* Information provided *
※ ※ ※

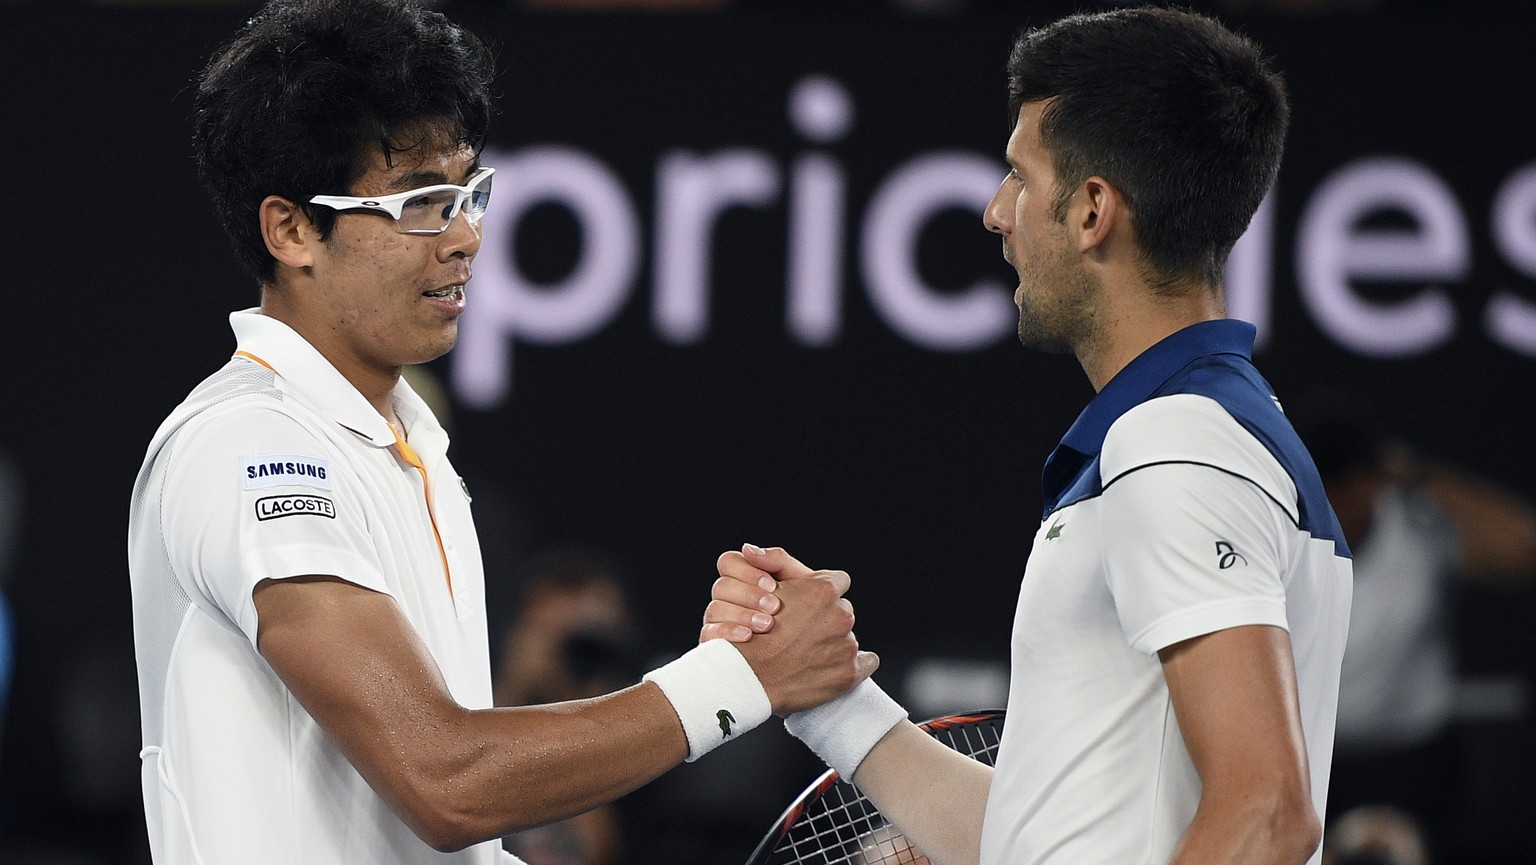 South Korea&#039;s Chung Hyeon, left, is congratulated by Serbia&#039;s Novak Djokovic after winning their fourth round match at the Australian Open tennis championships in Melbourne, Australia, Monda ...
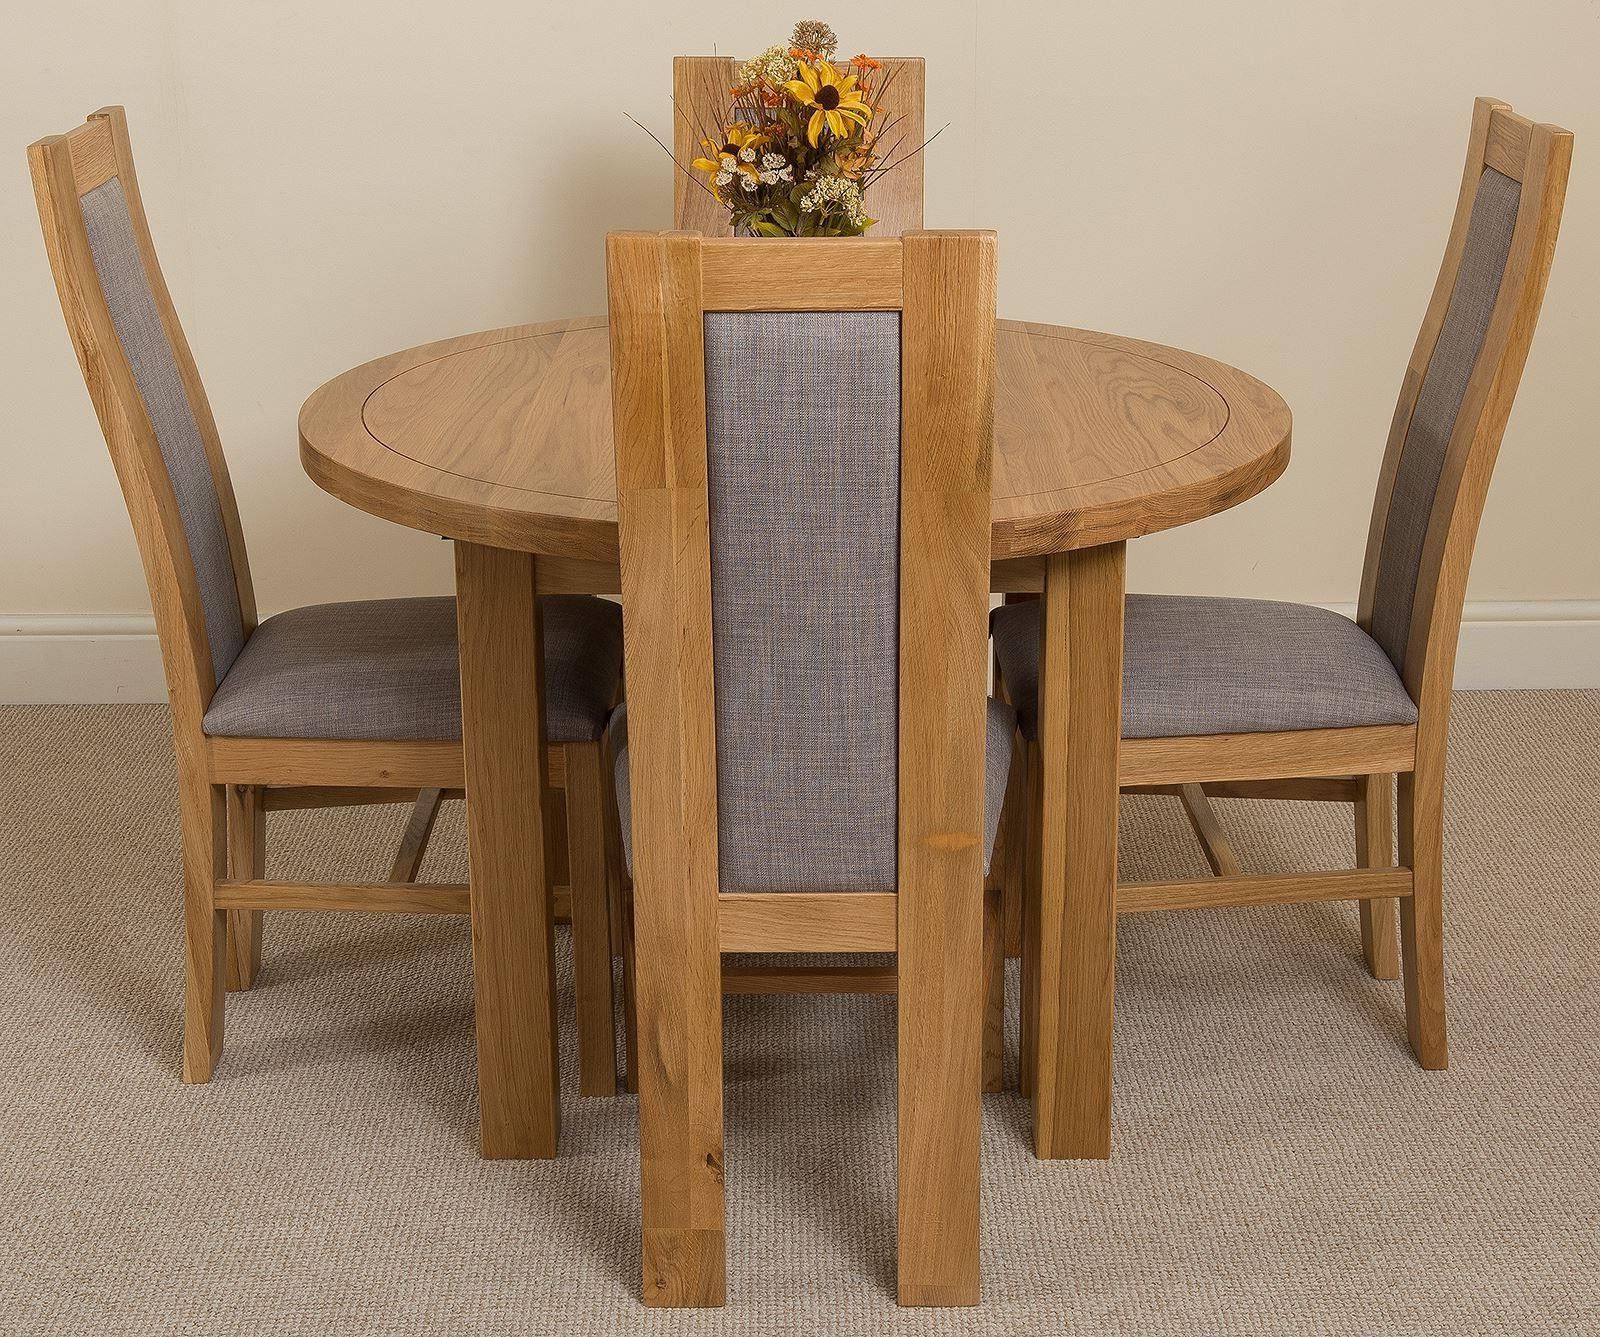 2019 Extendable Oval Patio Dining Sets In Edmonton Solid Oak Extending Oval Dining Table With 4 Stanford Solid (View 4 of 15)
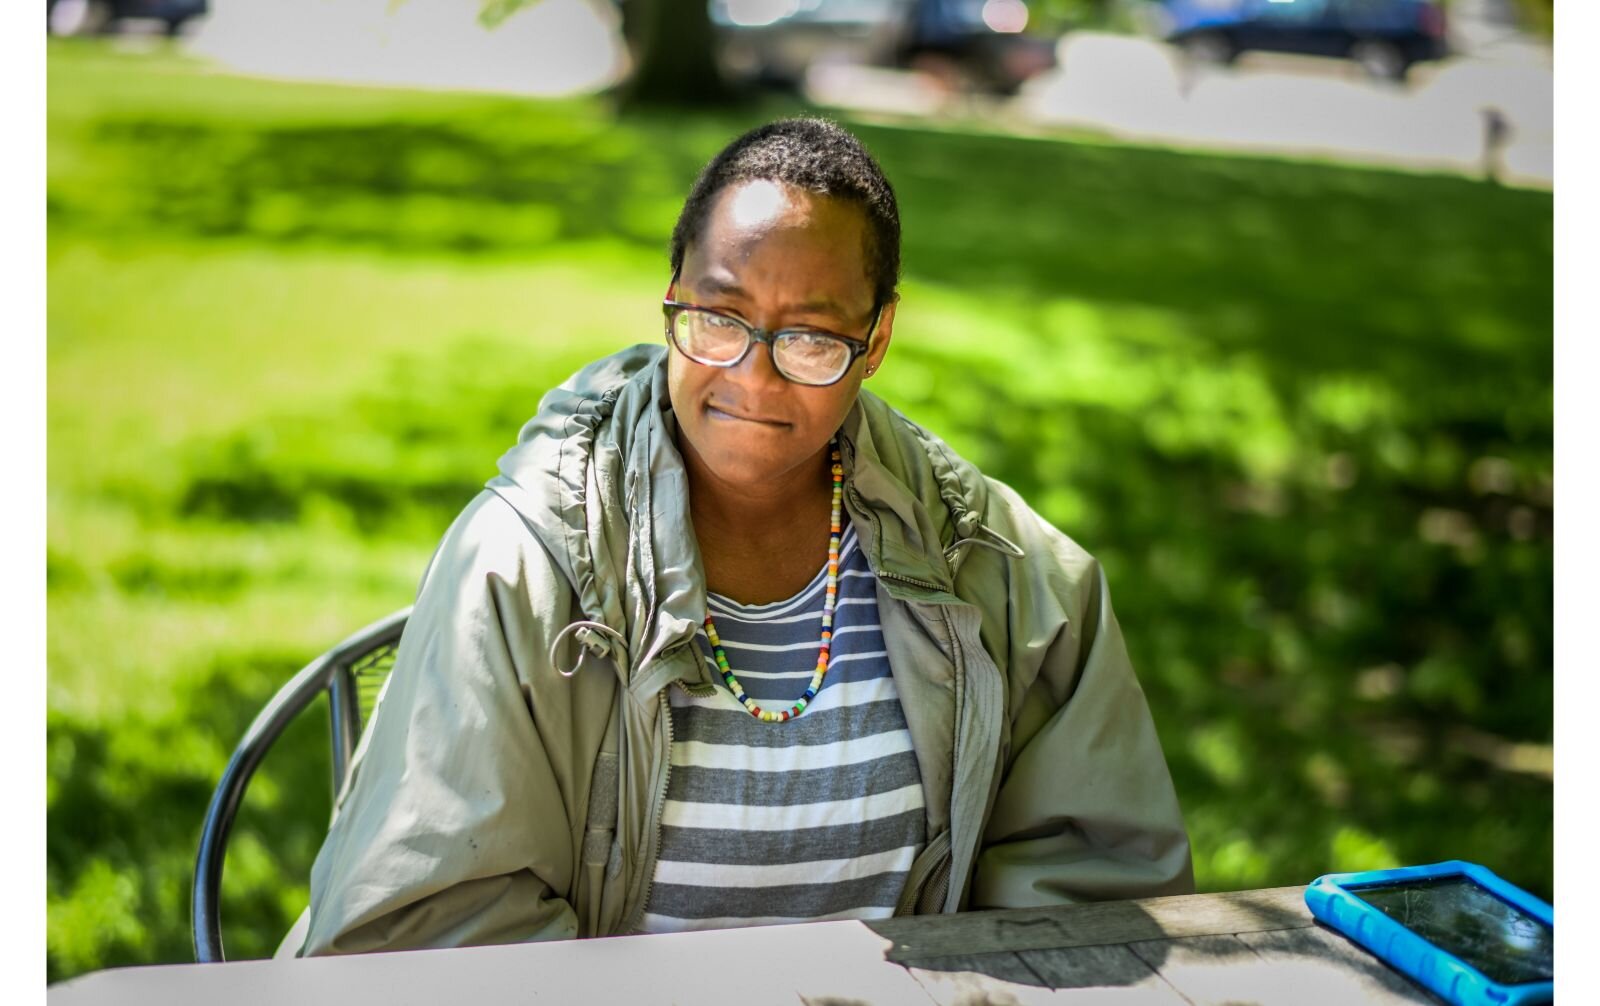 "It's sad, it's so sad. And when you try to find the resources to get the help you need.... Basically, you're on your own," Tamika Williams says.
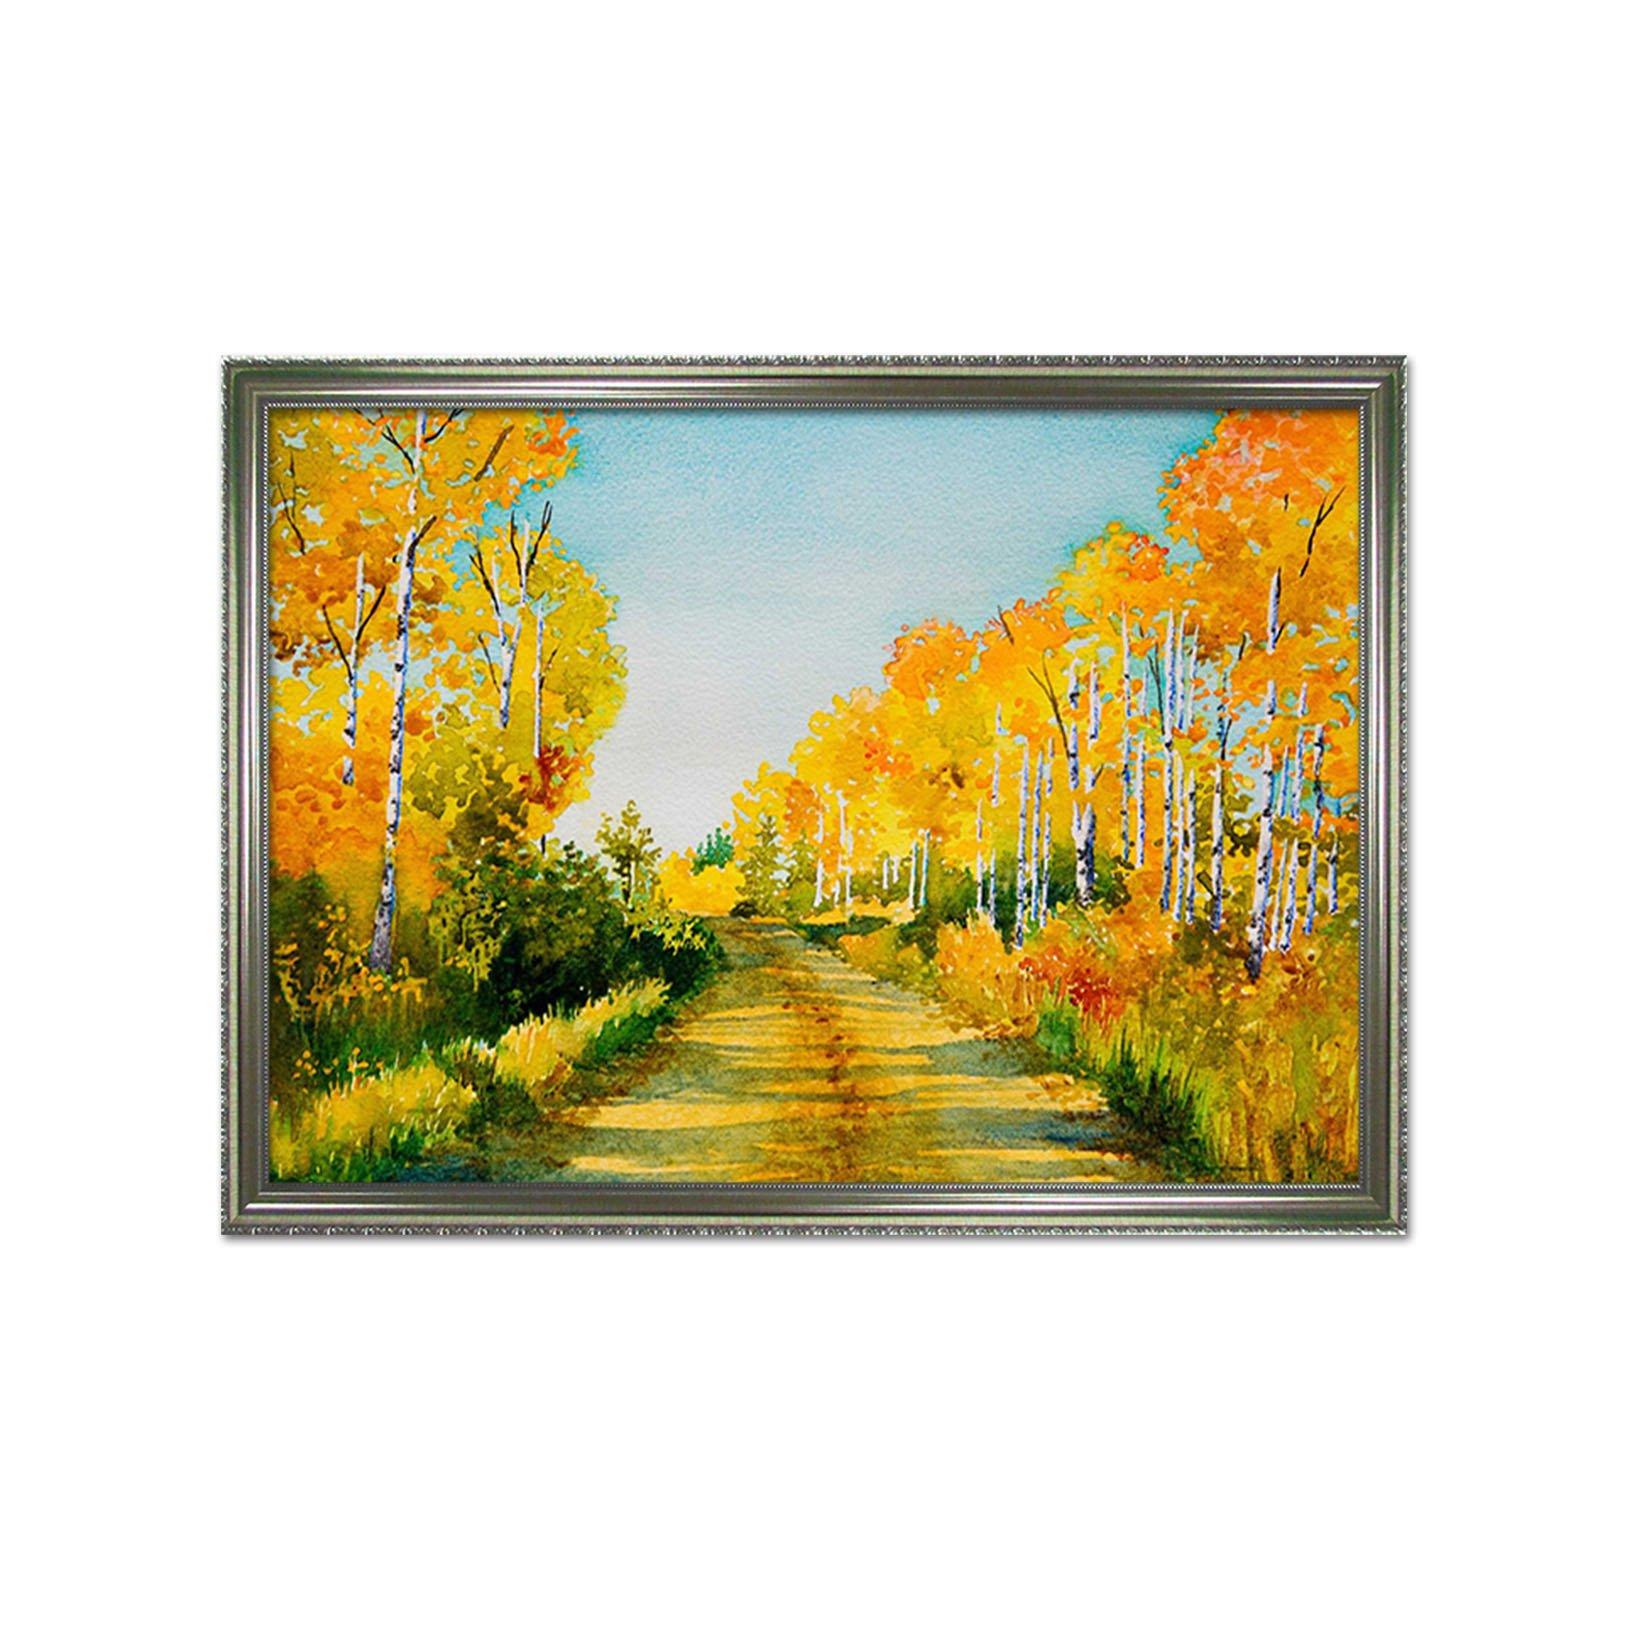 3D Country Road 167 Fake Framed Print Painting Wallpaper AJ Creativity Home

※ ※ ※

* What to produce *
Without the pictures, print the whole listing exactly as given.

* Expected answer *
 South Korea&#039;s Chung Hyeon, left, is congratulated by Serbia&#039;s Novak Djokovic after winning their fourth round match at the Australian Open tennis championships in Melbourne, Australia, Monda ...
 2019 Extendable Oval Patio Dining Sets In Edmonton Solid Oak Extending Oval Dining Table With 4 Stanford Solid (View 4 of 15)
 "It's sad, it's so sad. And when you try to find the resources to get the help you need.... Basically, you're on your own," Tamika Williams says.
 3D Country Road 167 Fake Framed Print Painting Wallpaper AJ Creativity Home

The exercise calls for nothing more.